Jamie McCoy

Jamie McCoy


Graduated with 1st class honours BSc Marine Biology and Oceanography and with Distinction MRes Marine Biology at the University of Plymouth. My research interests lie within ecophysiology, specifically how factors associated with climate change influence morphology and physiology of marine invertebrates, across multiple life history stages and over multiple generations.

My undergraduate dissertation was titled “Scope for transgenerational acclimation to elevated temperatures in the brackish water amphipod Gammarus chevreuxi (Sexton, 1913)” and involved measuring levels of oxygen consumption through closed chamber respirometry as a proxy for metabolic rate. Masters thesis was titled “Both maternal and embryonic exposure to mild hypoxia influence embryonic development in the intertidal gastropod Littorina littorea (Linnaeus, 1758)”. Using high power microscopy and image analysis software I measured aspects of embryo morphology in developing embryos, and activity levels of hatched veliger larvae, to determine to what extent maternal and embryonic exposure to mild hypoxia (70% air saturation) influenced these traits. Thesis is currently in preparation for publication.

Jamie McCoy

Ecology and Biodiversity

University of Plymouth, School of Biological and Marine Sciences

PhD title: Using novel phenomics technology for environmental sensitivity prediction in marine invertebrates.

Phenomics is the acquisition of high-dimensional phenotypic data (morphology, physiology and behaviour) on an organism wide scale, with the aim of measuring biological responses more robustly.

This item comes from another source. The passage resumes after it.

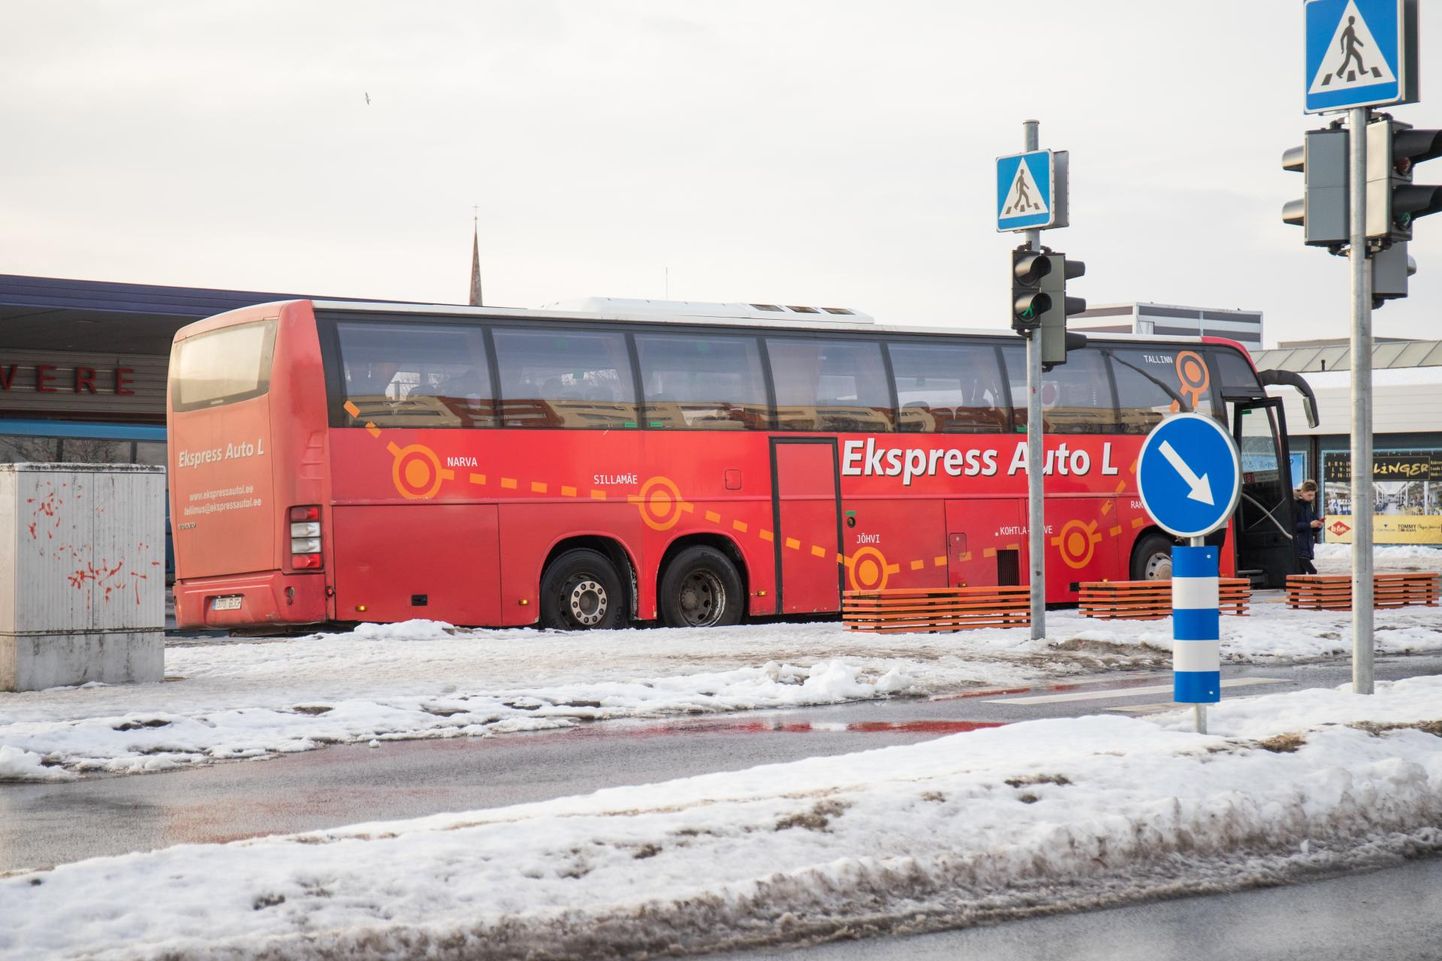 Eelmisel kolmapäeval loobusid vähemalt kaks reisijat Ekspress-Auto L bussiga Rakverre sõitmisest ja väljusid Haljalas.

This PhD will use advanced bio-imaging and image analysis software (EmbryoPhenomics) to measure the sensitivities of early developmental stages of aquatic invertebrates to stressors associated with climatic change, using species with differing modes of development (encapsulated and planktotrophic). Phenomic data will be used to determine lethal and sub-lethal endpoints which can be used as predictive tools.

This technology enabled approach not only allows for the high-throughput acquisition of phenomic data, but allows ‘proxy traits’, traits for which there is no manual equivalent, to be measured.